BEGIN AVAILABLE DATA

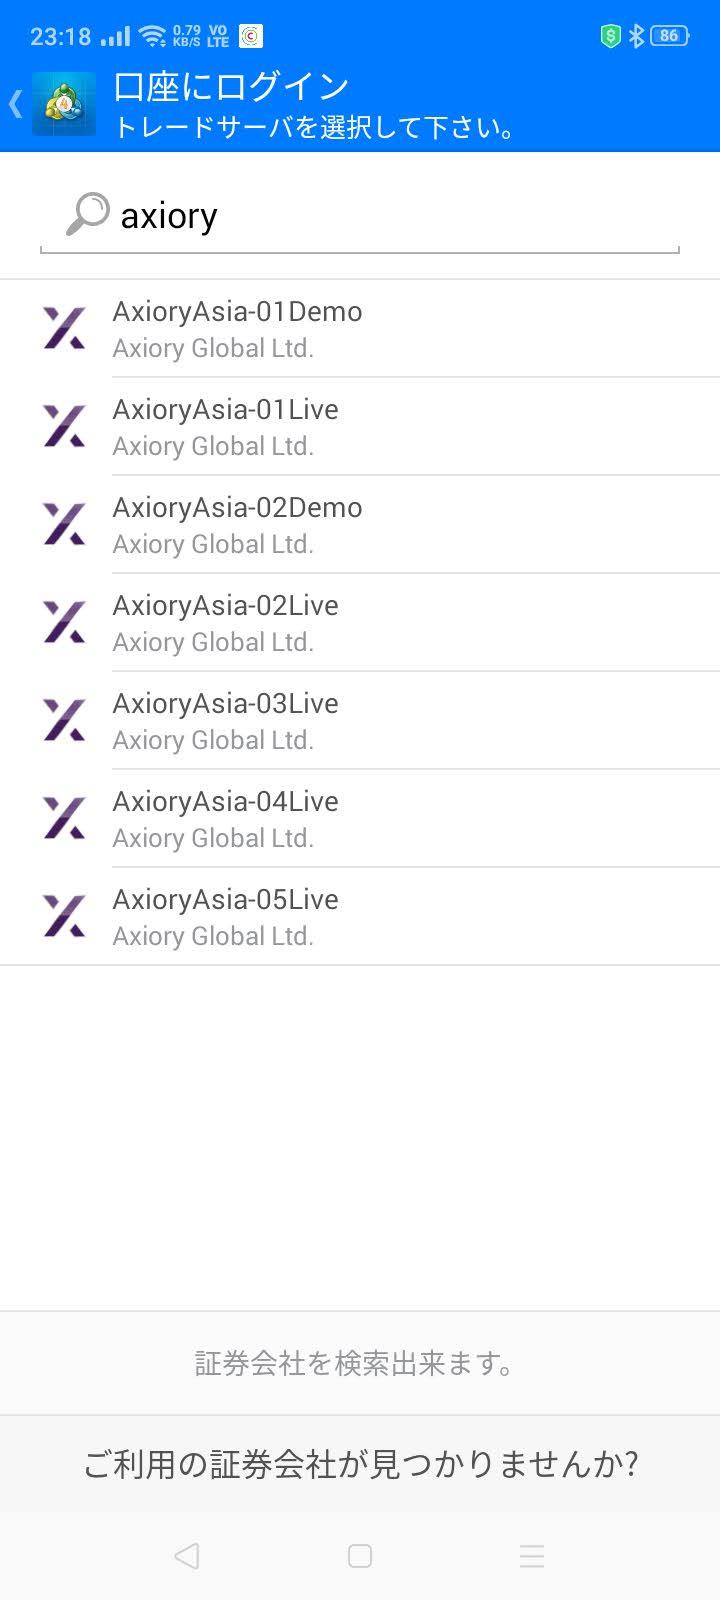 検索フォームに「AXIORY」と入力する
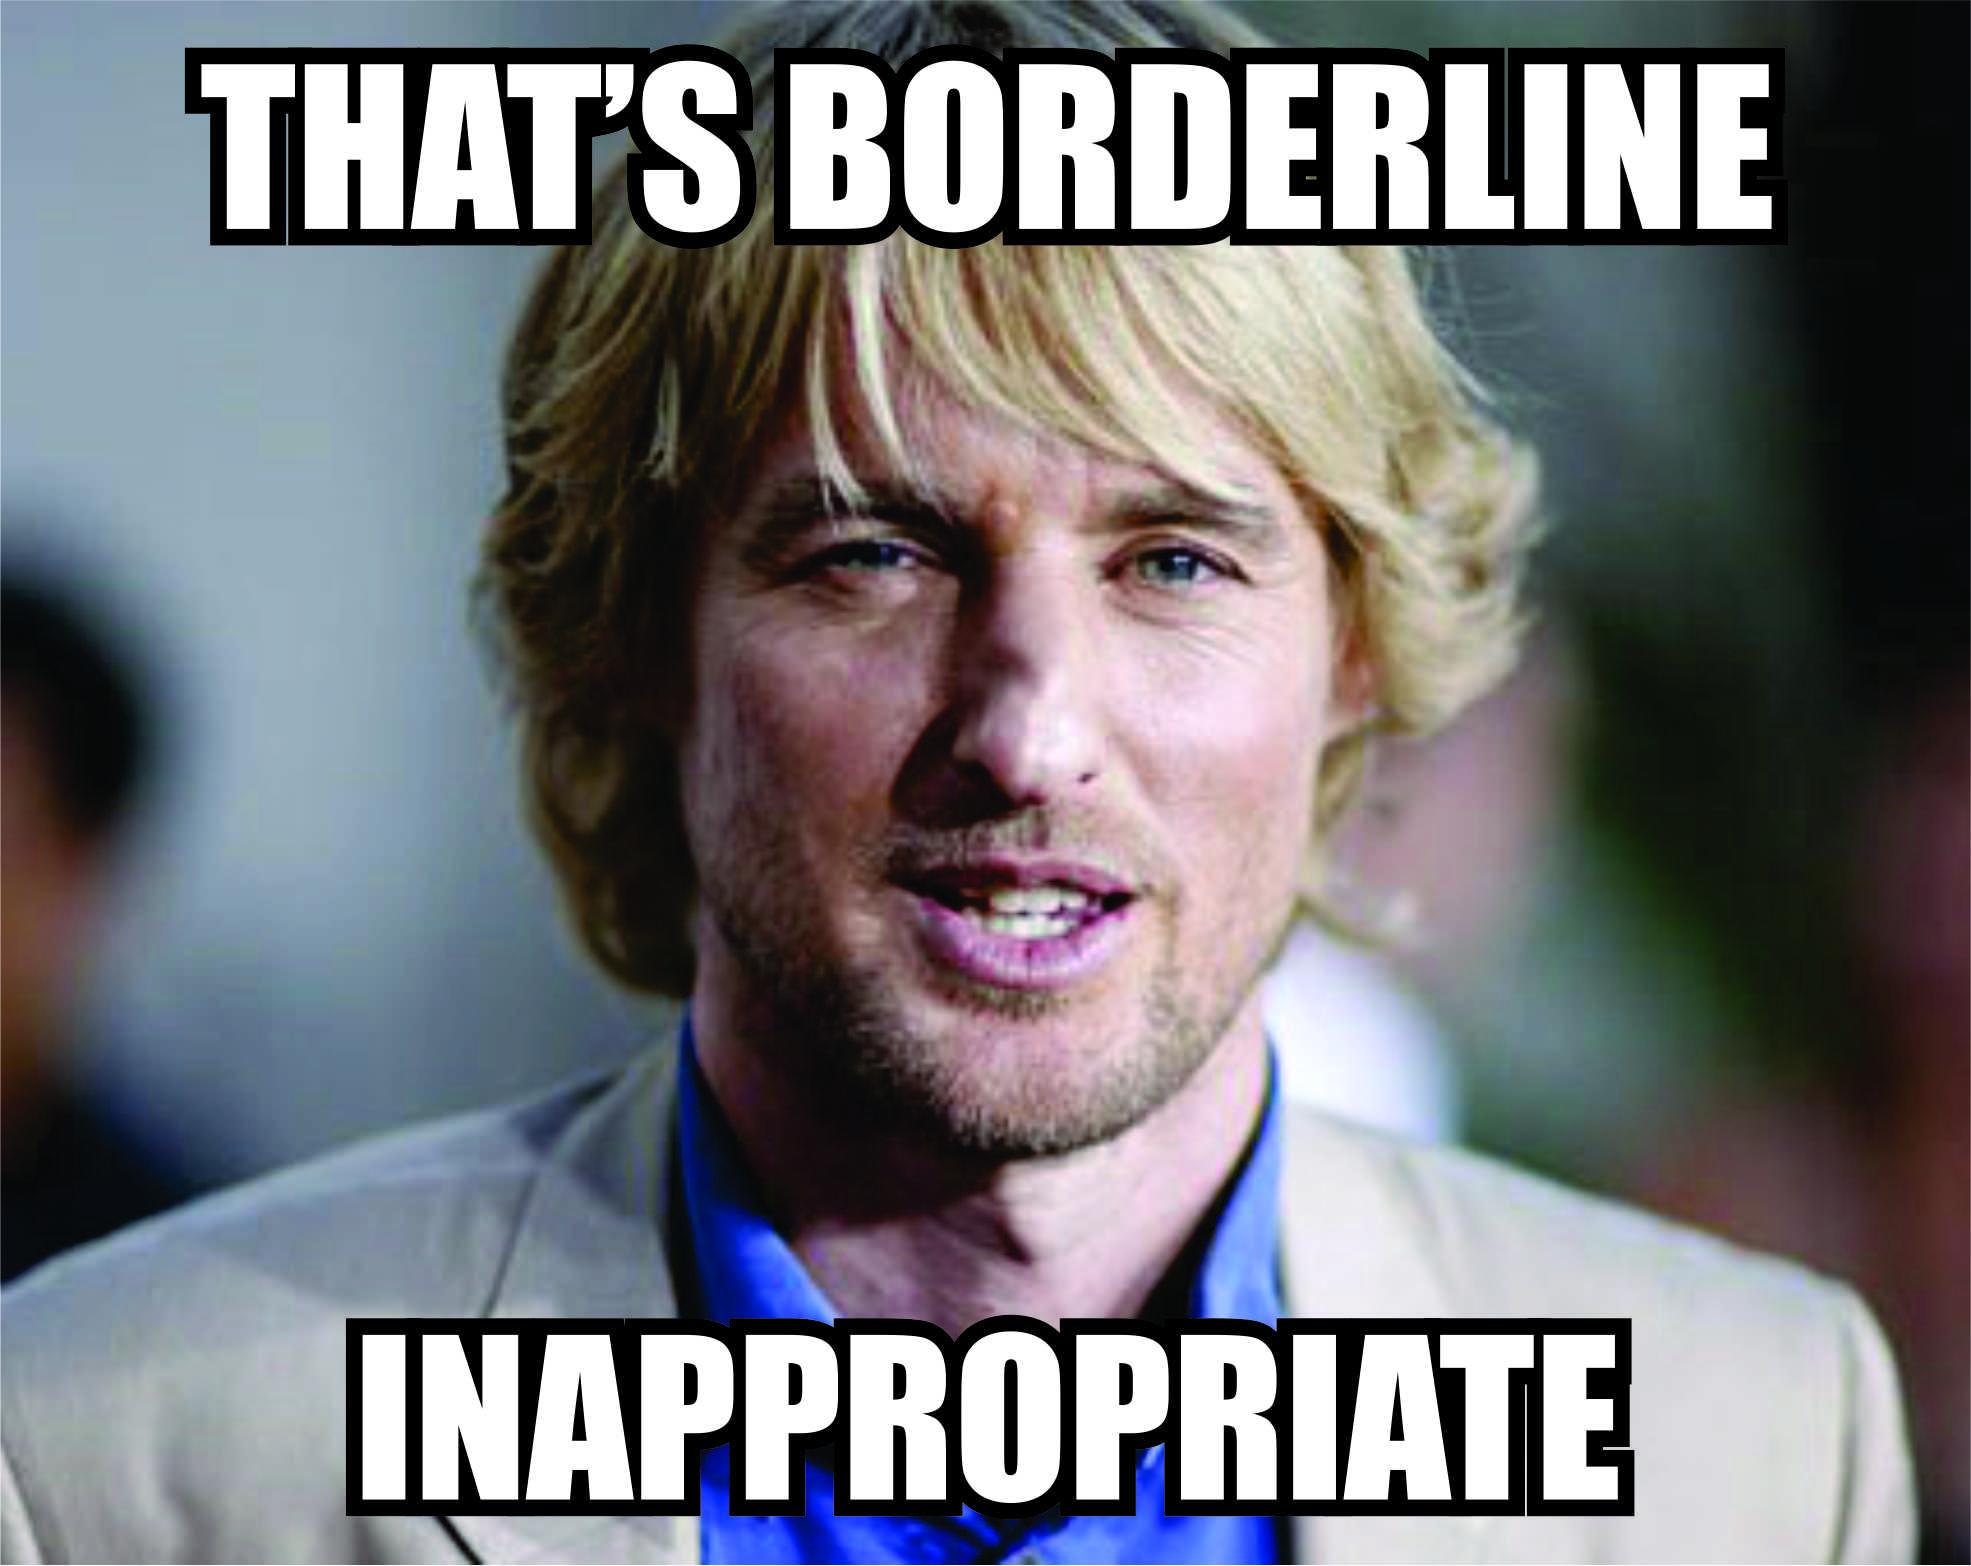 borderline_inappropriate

END AVAILABLE DATA
BEGIN AVAILABLE DATA

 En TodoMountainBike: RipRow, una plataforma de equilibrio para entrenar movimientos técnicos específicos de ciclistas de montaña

END AVAILABLE DATA

**TASK BRIEF**.
Up in the listing, locate the line with "検索フォームに「AXIORY」と入力する"; print it and every line after it down to the line with "borderline_inappropriate", which is included too. Skip the pictures.

**SOLUTION FOR THIS EXERCISE**.
 検索フォームに「AXIORY」と入力する
 borderline_inappropriate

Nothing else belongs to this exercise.